After clicking through, the files opens fine. The file seems perfectly usable as-is, no clipping masks or odd groups, and as far as I can tell no extraneous objects. The fonts are a mixture of mainly "system" and a small amount of "myriad pro". By the way, this or similar problems (such as uninstalled fonts) is/are a problem that almost always crops up for me when opening a file in AI that I didn't produce myself.

(By the way, if I was able to fix the scale of the x-y plot via a numerical input, this version of Topsoil would be usable for me right away)

johnzeringue commented 10 years ago

@ryanickert, glad to hear the issue's contained to the Mac version of Illustrator.

What do you mean by "fixing the scale of the x-y plot"?

If you mean adjusting the tick positions, you're able to do this manually by unchecking "autoticking" for the appropriate axis and changing the tick interval and anchor tick. The anchor tick is simply a base value from which you form the other ticks by adding integer multiples of the tick interval.

If you mean the ability to exactly adjust the min and max values for each axis, create a new issue and we should be able to make it happen fairly quickly (if not by this Friday). (EDIT Issue created now : #35)

noahmclean commented 10 years ago

@johnzeringue, "is that how everyone is using Redux right now, or is that just your workflow? Would an "open in Illustrator" feature be widely useful?"

"Perhaps that would be the best resolution of this issue: an export to SVG feature that wouldn't accommodate any particular program and an open in Illustrator feature that would create a temporary SVG file, hack it to work with Illustrator as long as the bug persists, and open it in the program for the user."
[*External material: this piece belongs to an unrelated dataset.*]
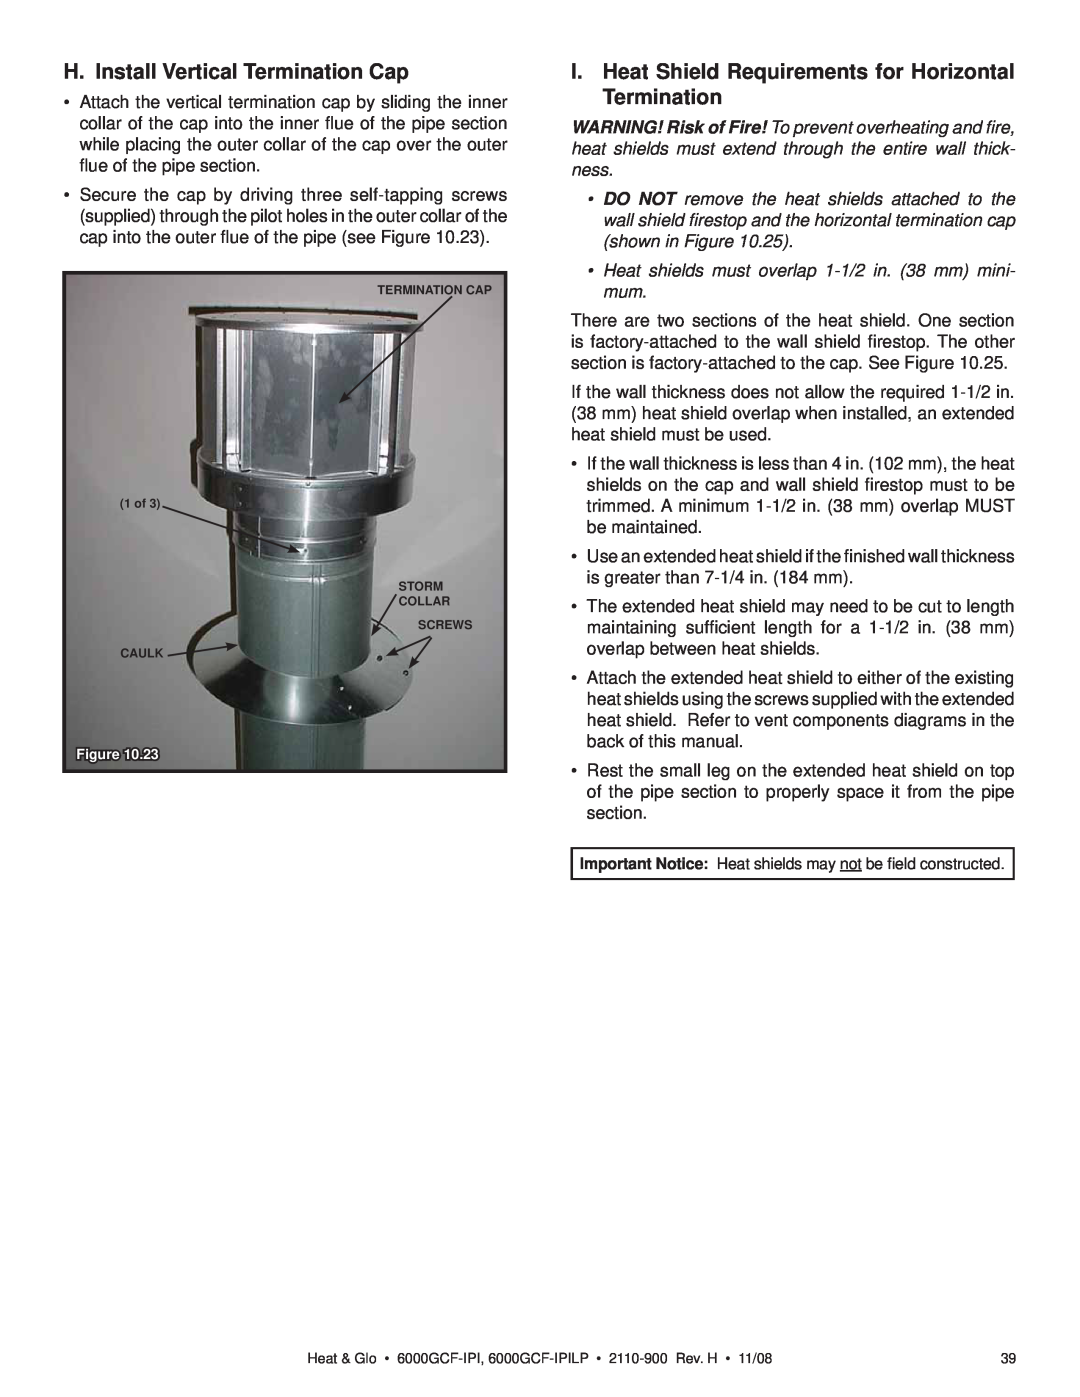 Hearth and Home Technologies 6000GCF-IPIL owner manual H. Install Vertical Termination Cap

johnzeringue commented 10 years ago

@noahmclean, in the first question I was really just curious if these SVGs were only/mainly used for passing data into Illustrator. If that's the case, it makes sense to streamline this operation.

pfif commented 10 years ago

This is our plan of attack to tackle that bug and keep our code base clean : #38.

pfif commented 10 years ago

Yet another strategy to make SVG work on Illustrator : #43

pfif commented 10 years ago

We had a little temporary hack in our latest release (Commit 6167c5970596922ffcf710c3b5f6befdc02f8653) that allow the produced SVG files to be opened in Ilustrator.